Esta história de origens se desenvolve diante de nossos olhos, e recomeça toda vez que
encontramos uma multidão de formas de argila apinhadas numa mesa ou prateleira ou
empilhadas contra uma parede. Mais do que realmente nos levar de volta a um passado
bem remoto, isto é como seria vivenciar e experimentar coisas no presente. O campo de
visão é desprovido de um foco único, e constantemente dispersado – uma porção de
coisas pequenas proliferando para preencher um grande espaço. Este é ainda o caso de
seus desenhos, que Maiolino também apresenta em grades e séries, e onde um gesto
bem simples cria resultados radicalmente diferentes.

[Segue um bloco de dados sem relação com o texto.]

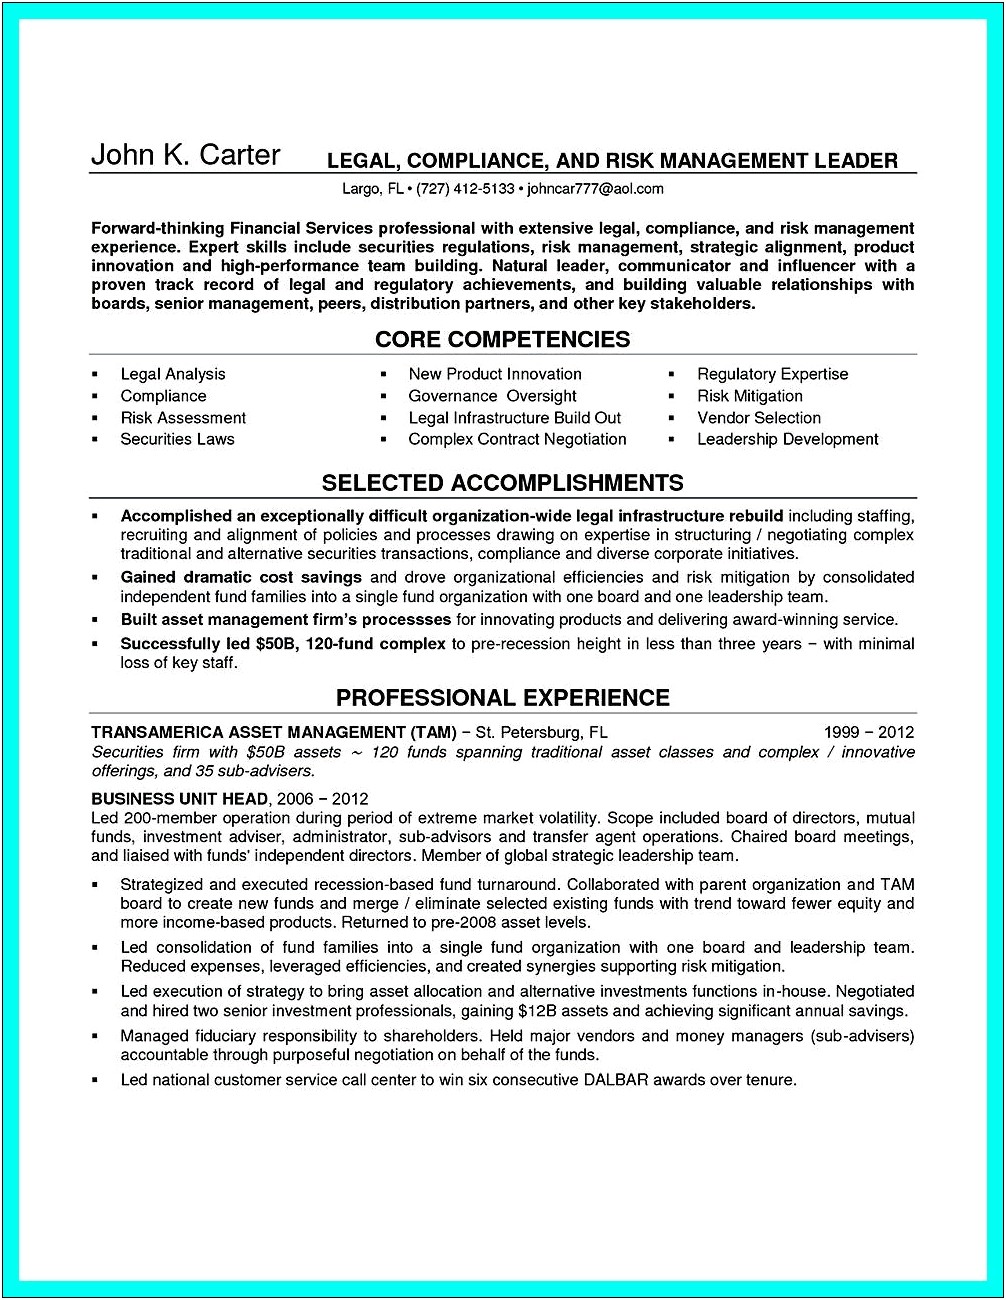 Aml Bsa Compliance Manager Resume Summary

Os formatos que ela usa chamam
atenção para a dinâmica fundamental de todas as histórias de origens – de que eles/
elas? existem somente em retrospecto e como um efeito posterior. O que veio antes: um
ponto original ou suas repetições posteriores? A resposta pareceria clara, governada
por nossos hábitos mentais de seqüenciar os eventos numa ordem linear e progressiva.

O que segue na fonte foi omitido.